Clay-work involves associate degree intense and powerful tactile expertise of touching and tactile
involvement. Touch was known joined of the primary sensory responses to develop in humans
(Frank, 1957; Ashley Montagu, 1978). Tactile contact is really the primary mode of
communication that associate degree kid learns. For humans, the first stages of life area unit
dominated by oral and skin contact between kid and caregiver (Hunter & Struve, 1998). Thus,
clay-work involves an awfully primal mode of expression and communication. Touch in clay-work
also requires body movements in endless opportunities for touching and modeling.
Thus clay-work
makes possible an entire non-verbal language or communication for the creator, through which his
or her mental realm, emotional life, and primary object relations can be expressed.
The researcher chose to use concepts from attachment and object-relation theories to describe the
inner processes that are relevant to clay-work. The central assumption of attachment theory is that
humans form close emotional bonds with significant others (Bowlby, 1969, 1973, 1979, & 1980),
which facilitate the development of mental representations of self and different, or internal
working models (Pietromonaco & Barrett, 2000).

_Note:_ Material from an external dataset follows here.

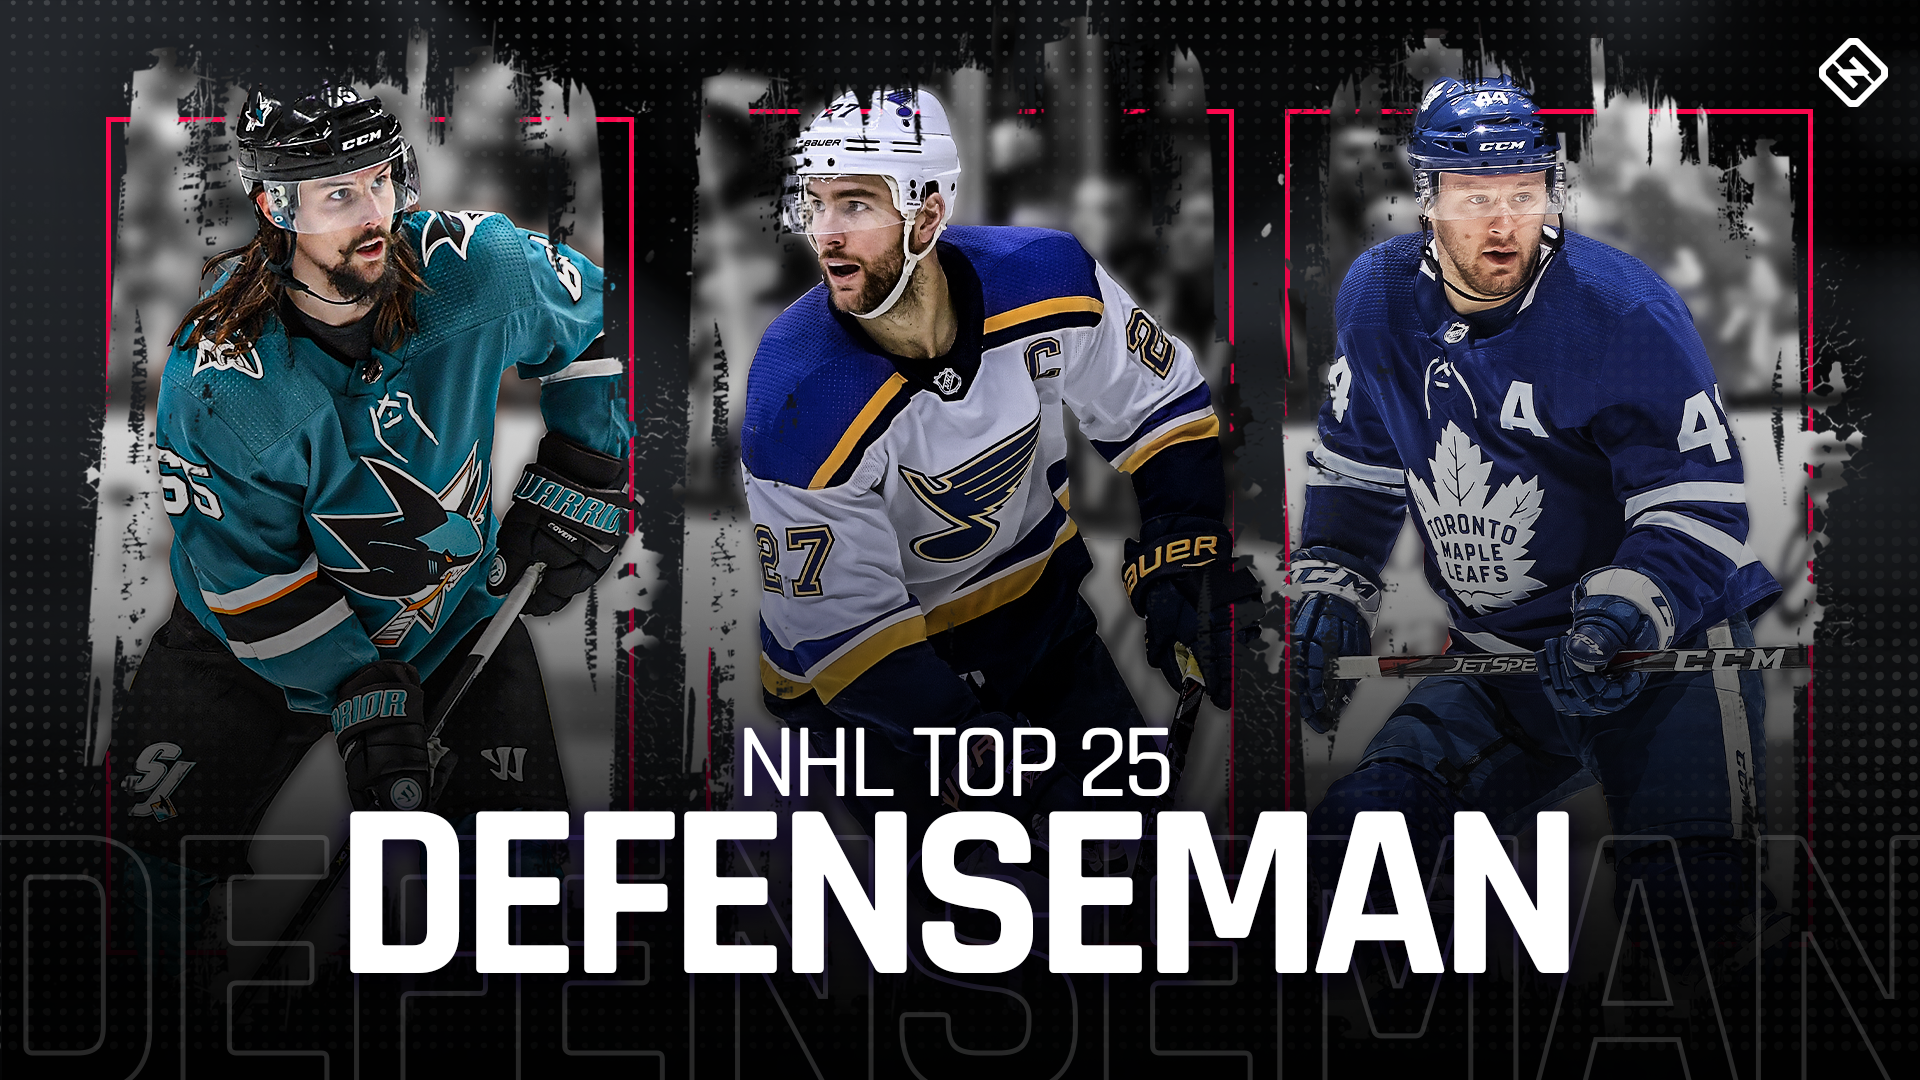 Top 25 NHL defensemen in 2019-20 
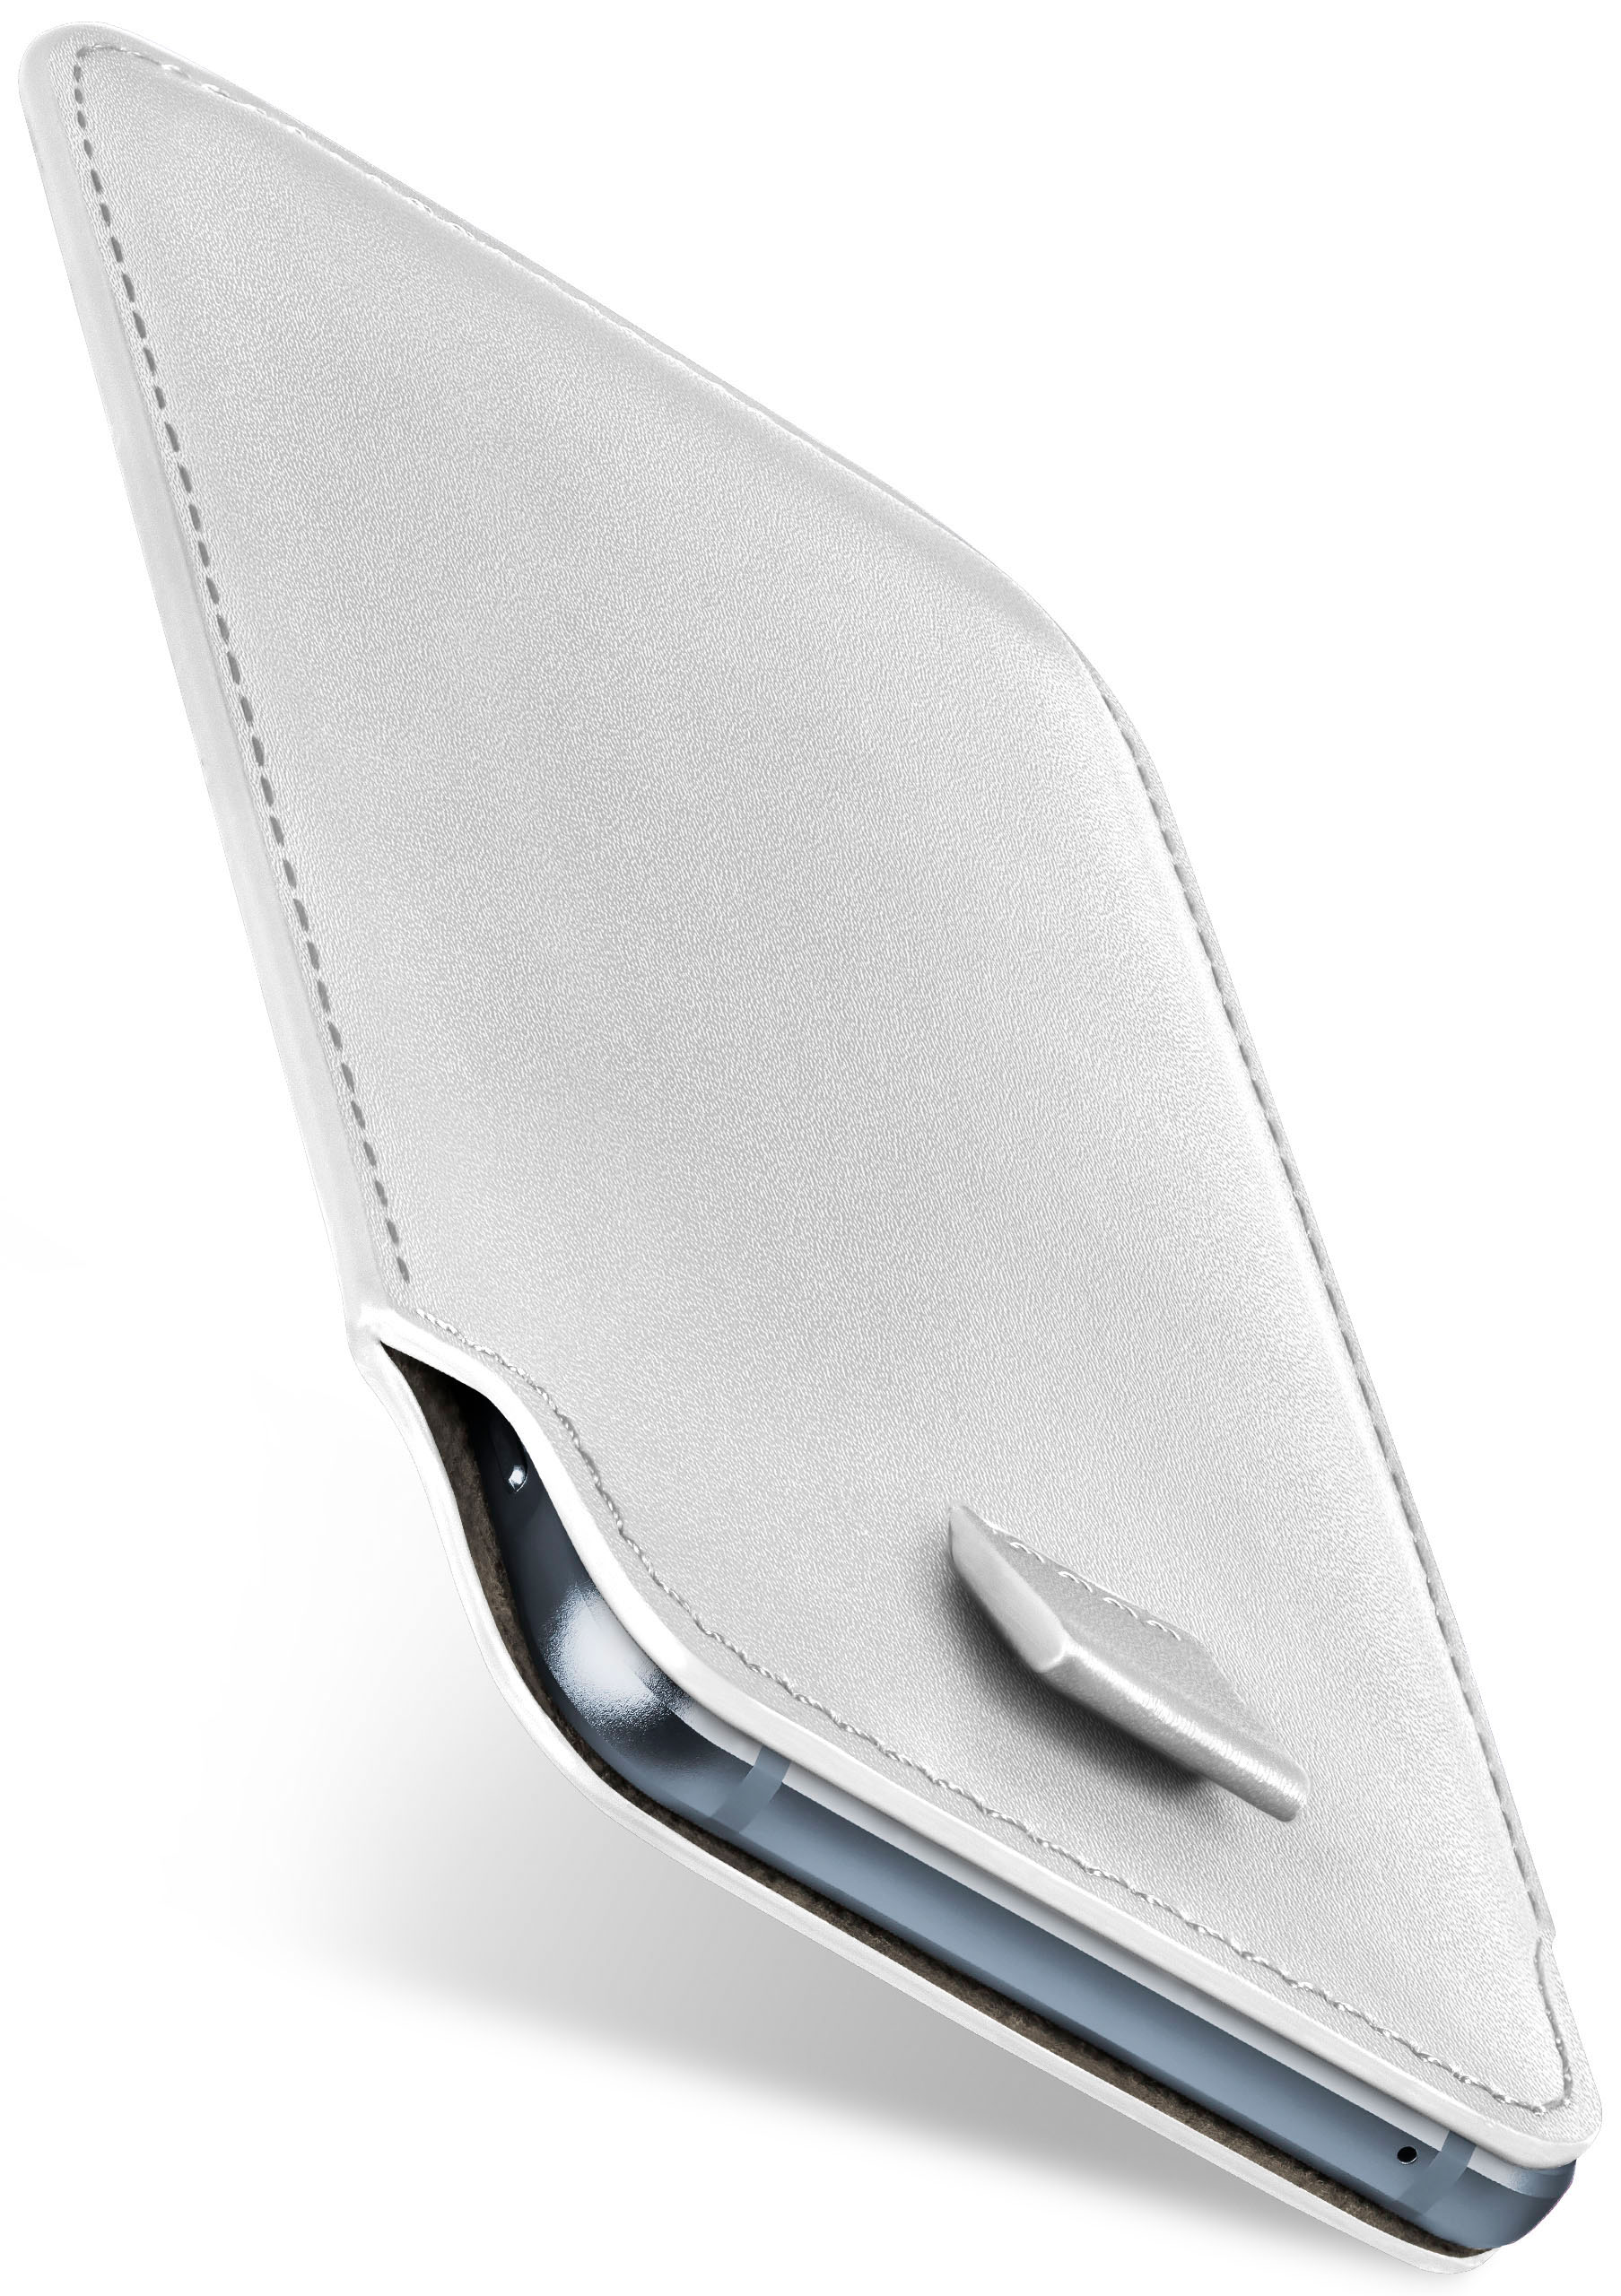 Case, Full Slide MOEX 3.1, Nokia, Shiny-White Cover,

According to attachment theory, there are two
consecutive working models of attachment: an unconscious, fairly primitive model that a person
develops during the early years of life, and later a second model, which is more sophisticated,
linguistic and conscious. The two models operate simultaneously (Bowlby, 1979): mental
representations regarding self and others develop from procedural and sensorimotor
representations (Case, 1996; Crittenden, 1990) that have no linguistic coding because they were
developed within the pre-verbal part (Nelson, 1996). Our assumption is that non-verbal modes of
expression, including art, can function as a way of communicating these procedural
representations. This is especially true with regard to clay-work, which taps into primary modes of
communication and e.g. through bit) and is thereby joined to actual past recollections and feelings
that were encoded through touch and movement. In this respect, clay-work may perform as a
central window to those unconscious, non-verbal representations and will be particularly useful
with folks that notice it arduous to specific themselves verbally or who are very defensive. It is
advocated by many psychotherapists as one of the primary devices for helping clients to explore
difficult concepts and express fundamental emotions in a non-verbal manner (Freud 2006).